登陆注册
61239200000032

第32章 京兆收徒

这日,张明远和费无极相约往京兆府而去,要看望种浩去。二人一路上颇多伤感。念念不忘师父、念念不忘大嘴师叔。两人感慨万千又不知所云,顿时热泪盈眶,望向远方。

在渭水边上,两人不约而同,顿时泪光点点。

“师父,师叔,你们在哪里?”张明远高声呼道。“师兄,不必如此。”费无极摇摇头,泪流满面道。张明远摇摇头苦不堪言:“师弟,师父、师叔在天有灵,想必他们也不好受。想想看,我们实在孤单许多。他们在时,有许多事,有他们照应,我们放心。如今我们要自作主张了,才感觉做掌门人的确不容易,责任重大,是也不是?”

费无极道:“我何尝不知,只是不由自主了。自作主张可不好,做对了,弟子也感觉做师父的料事如神,如若不对,就贻笑大方了。倒不是说丢人现眼,就怕给门派带来麻烦和遗憾。”张明远道:“所言极是,可见这做决断也是不容易。

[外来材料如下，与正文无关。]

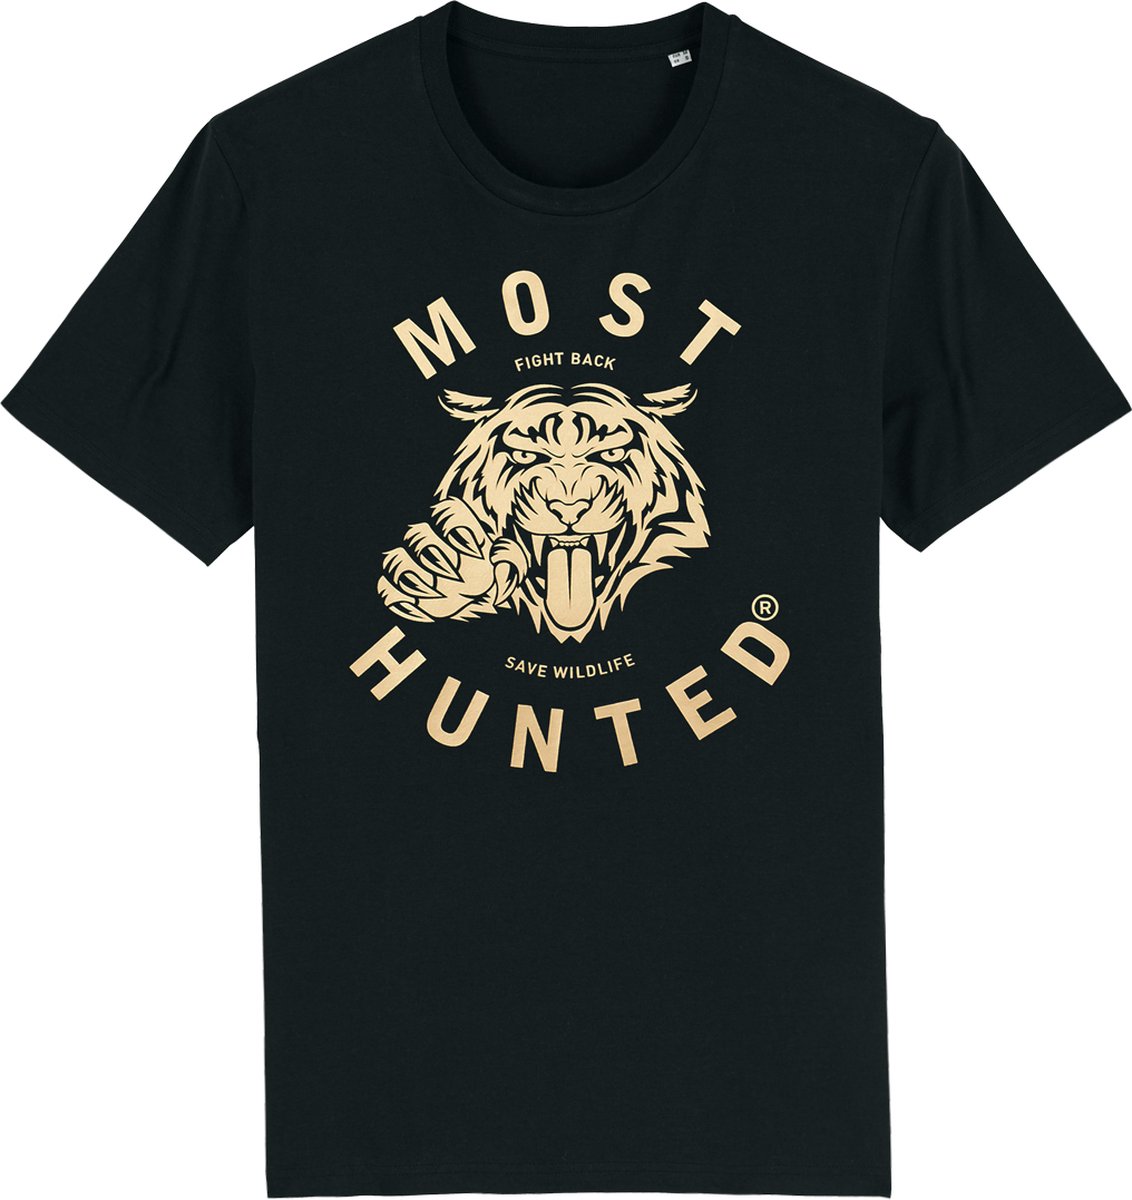 Most Hunted Tijger Claw - Unisex T-shirt - Zwart-Goud - Maat M

”

“正所谓,当断不断,反受其乱。可断与不断也有许多周折,这其中的厉害,就不好掂量了。我们每次的决断都关乎门派前程和安危,也关乎弟子的身家性命。如若是不义之战,最好就不要搀和。杀人放火的勾当就不必自寻烦恼了。行侠仗义,为国为民,才算是江湖英雄好汉所为。”费无极点点头。

顷刻,两人往京兆府城里去了。

“快来看一看,快来瞧一瞧,上好的淮南茶了。”一个小贩吆喝着。“冰糖葫芦,快来买了。”一个老头笑道。随着街上的喧嚣,两人走进一个茶肆坐了下来。里面的客人此时算是为数不少,一个个说说笑笑,不知有何高兴之处,只有张明远、费无极郁郁寡欢,闷闷不乐。

“两位道长,请问喝什么茶?”小二赶忙上前微微一笑,招呼道。“淮南茶一壶。”费无极道。“好嘞,淮南茶一壶。”小二应声离去。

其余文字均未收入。